• _TASK DIRECTIONS_
Skip the pictures and write out, word for word, the lines below from the one with "BLOGIAUHINNAD | Mõisatest" through the one with "Ce magnifique lit", inclusive.

• _MATERIAL FOR THIS EXERCISE_
────

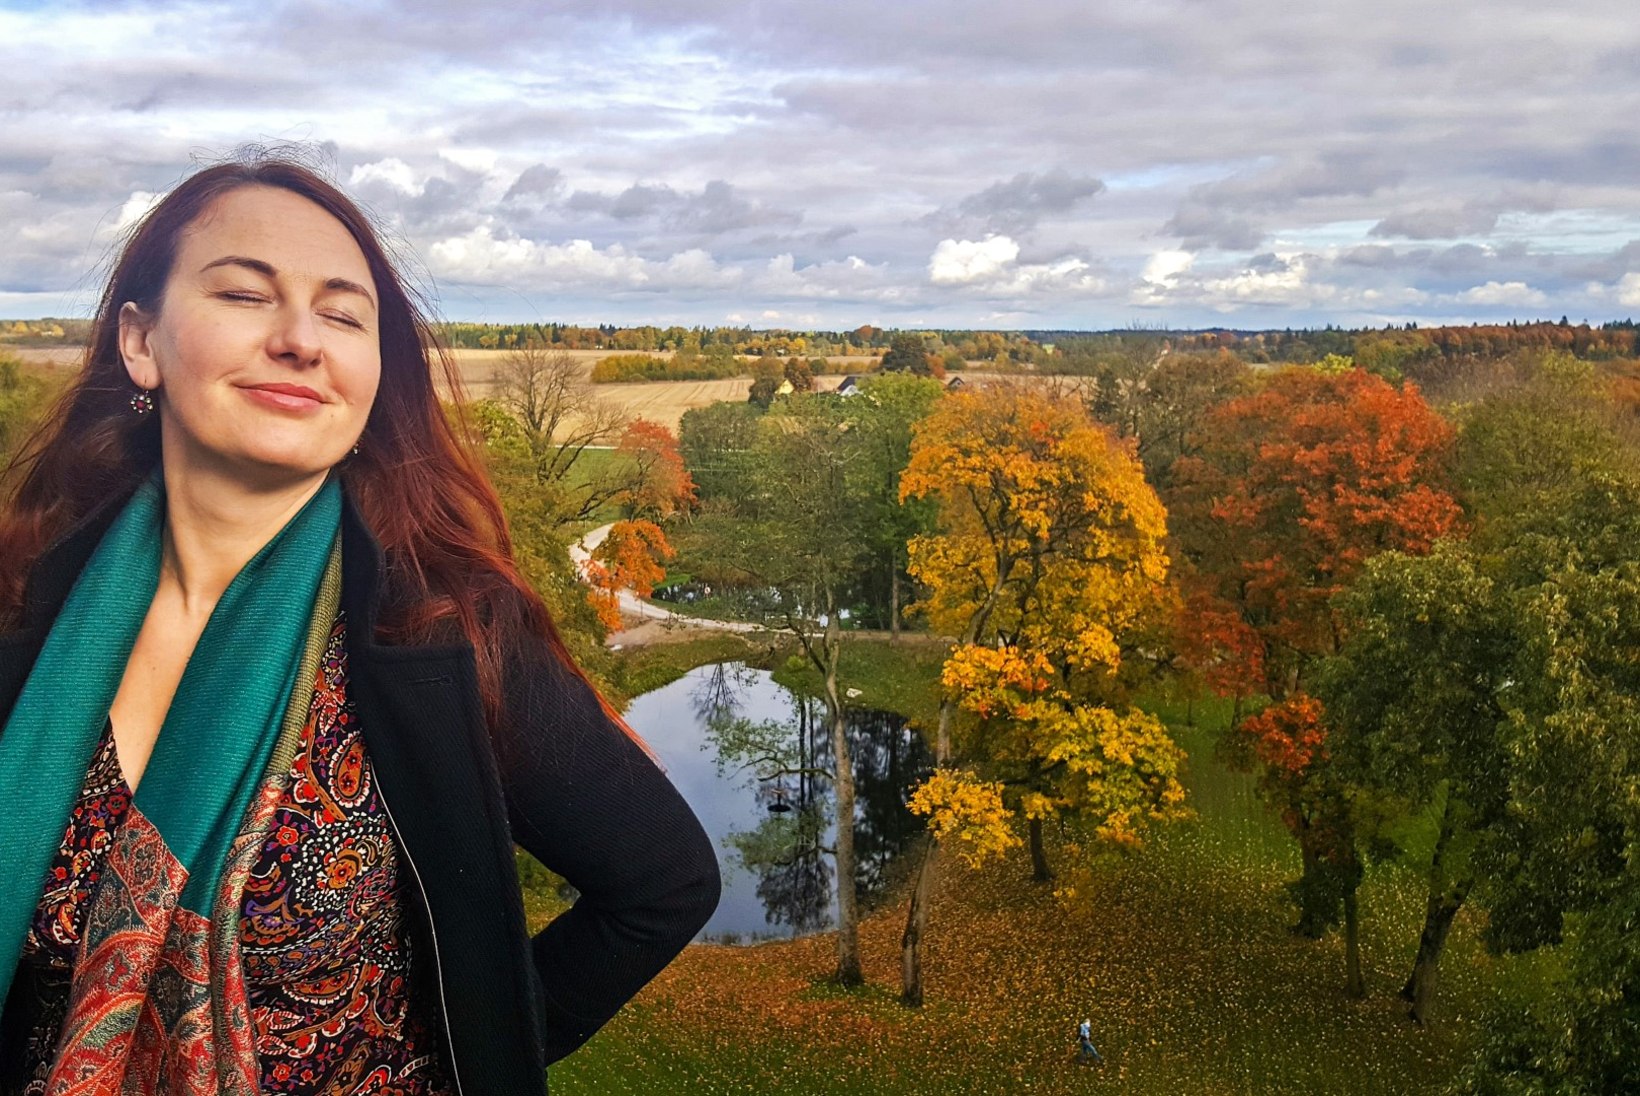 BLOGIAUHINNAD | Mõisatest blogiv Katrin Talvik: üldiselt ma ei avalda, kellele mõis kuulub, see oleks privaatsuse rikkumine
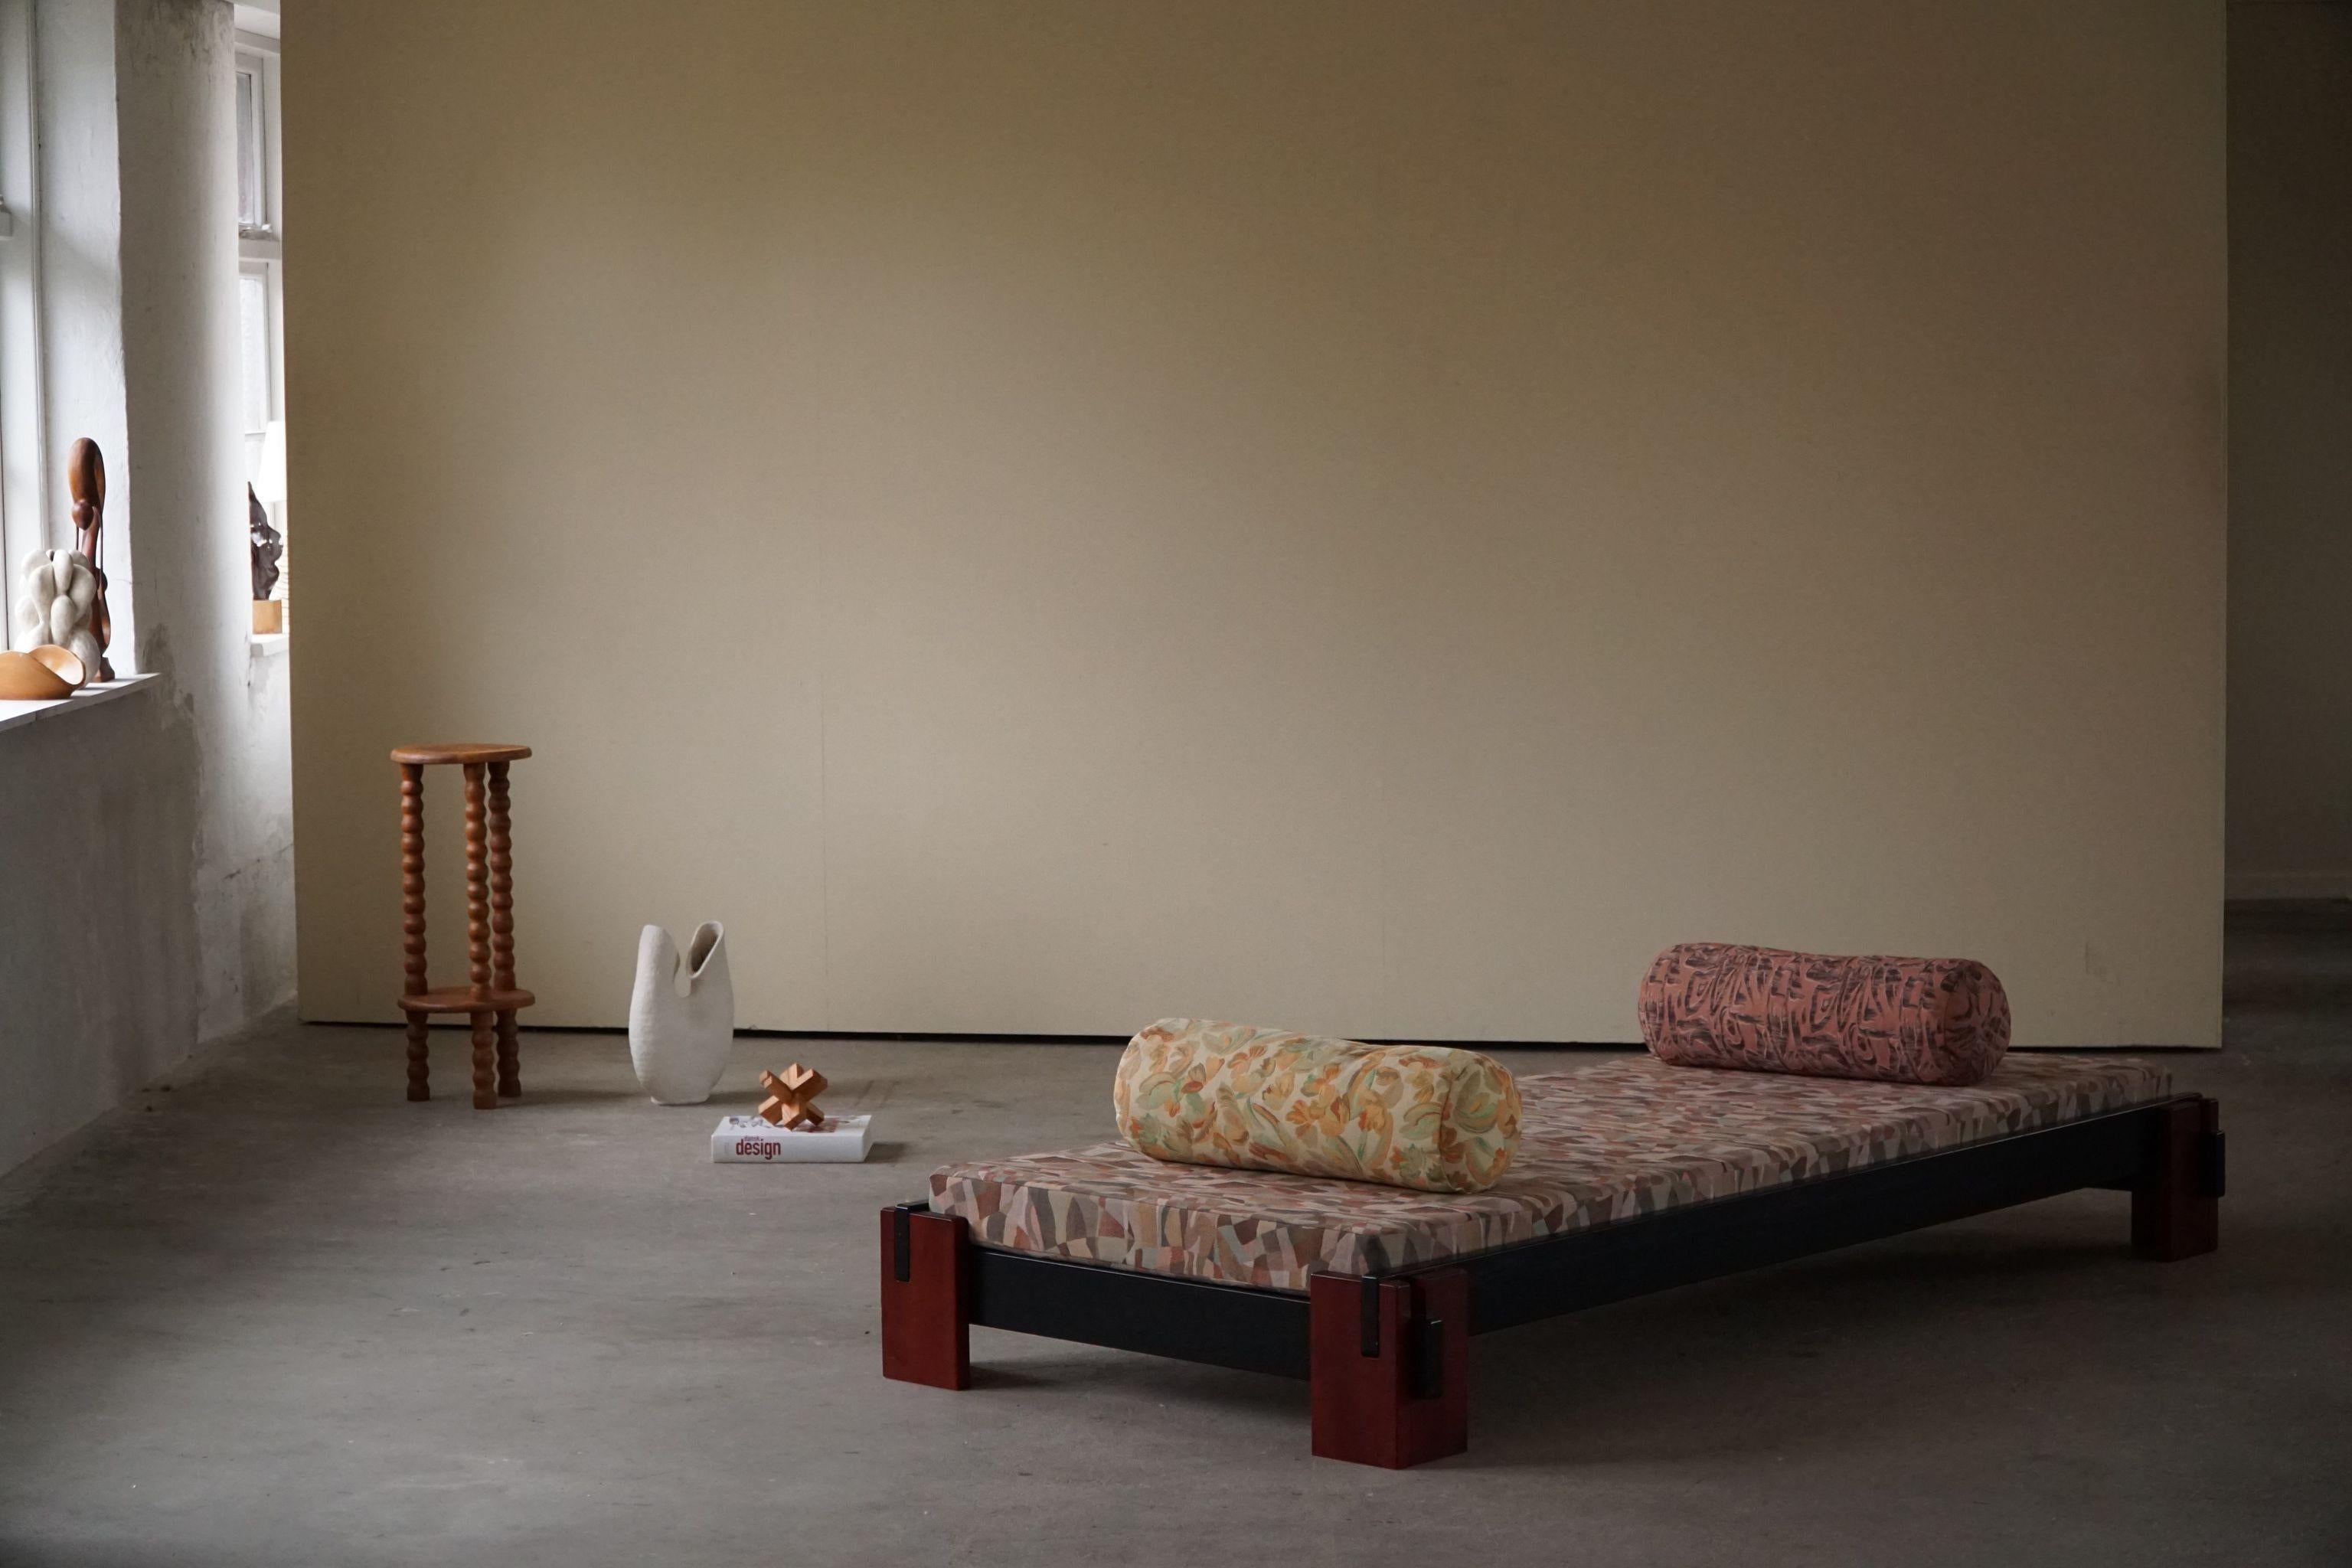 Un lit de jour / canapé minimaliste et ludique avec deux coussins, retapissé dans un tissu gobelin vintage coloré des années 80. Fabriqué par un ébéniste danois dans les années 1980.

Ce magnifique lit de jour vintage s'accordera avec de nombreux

────

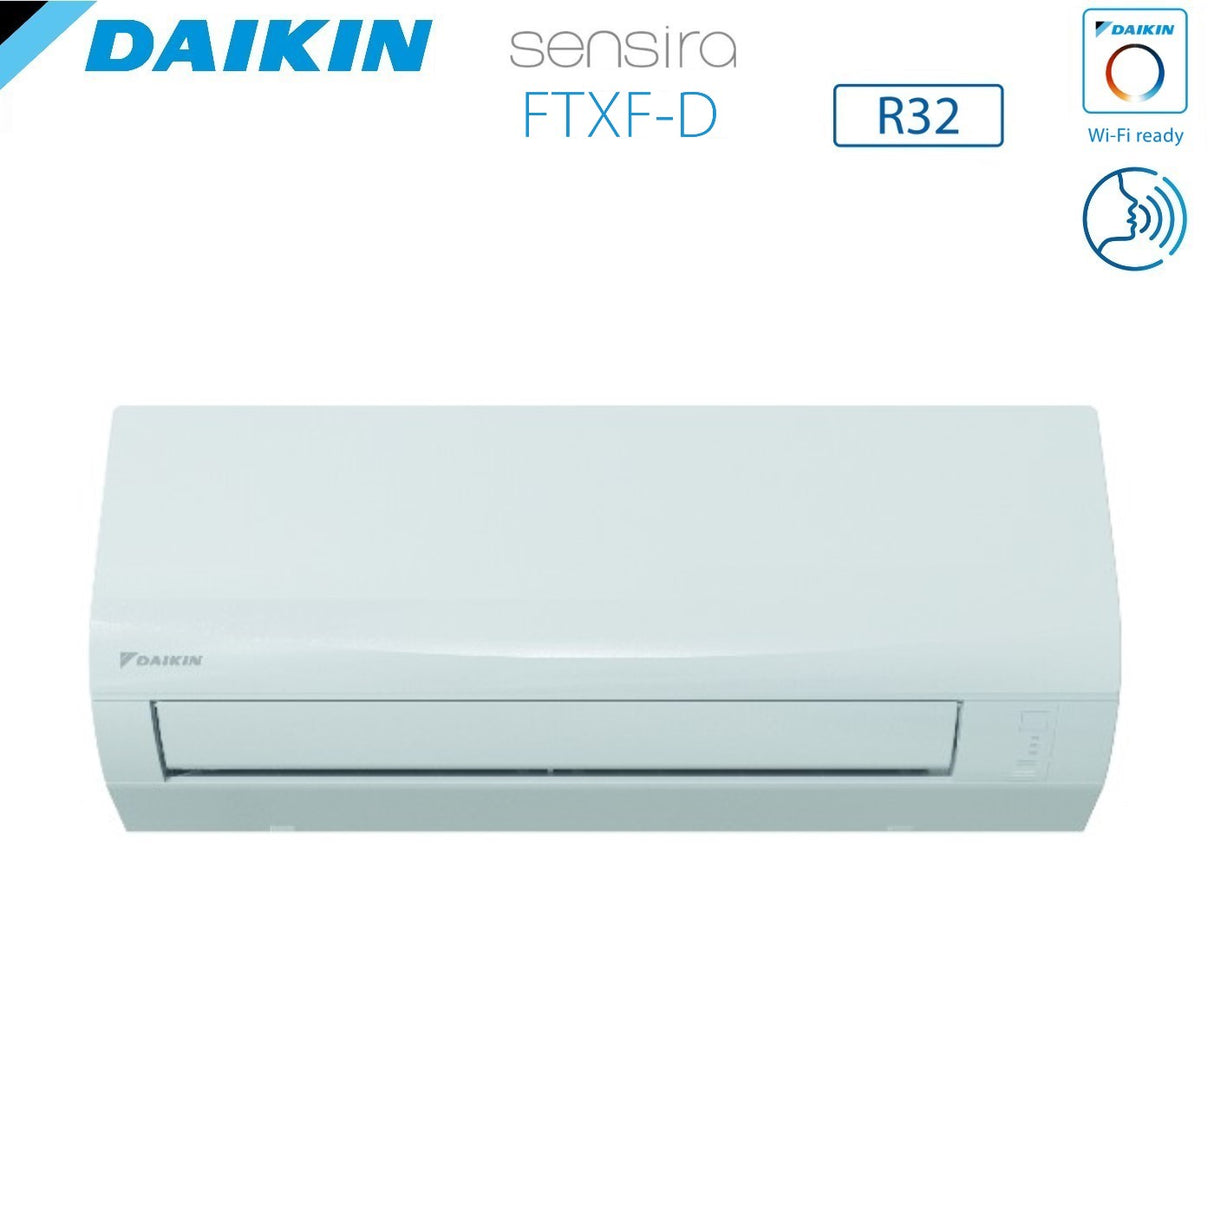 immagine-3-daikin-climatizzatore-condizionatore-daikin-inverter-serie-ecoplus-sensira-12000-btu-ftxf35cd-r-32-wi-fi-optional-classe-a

────

• _RESULT FOR THIS EXERCISE_
 BLOGIAUHINNAD | Mõisatest blogiv Katrin Talvik: üldiselt ma ei avalda, kellele mõis kuulub, see oleks privaatsuse rikkumine
 Un lit de jour / canapé minimaliste et ludique avec deux coussins, retapissé dans un tissu gobelin vintage coloré des années 80. Fabriqué par un ébéniste danois dans les années 1980.

Ce magnifique lit de jour vintage s'accordera avec de nombreux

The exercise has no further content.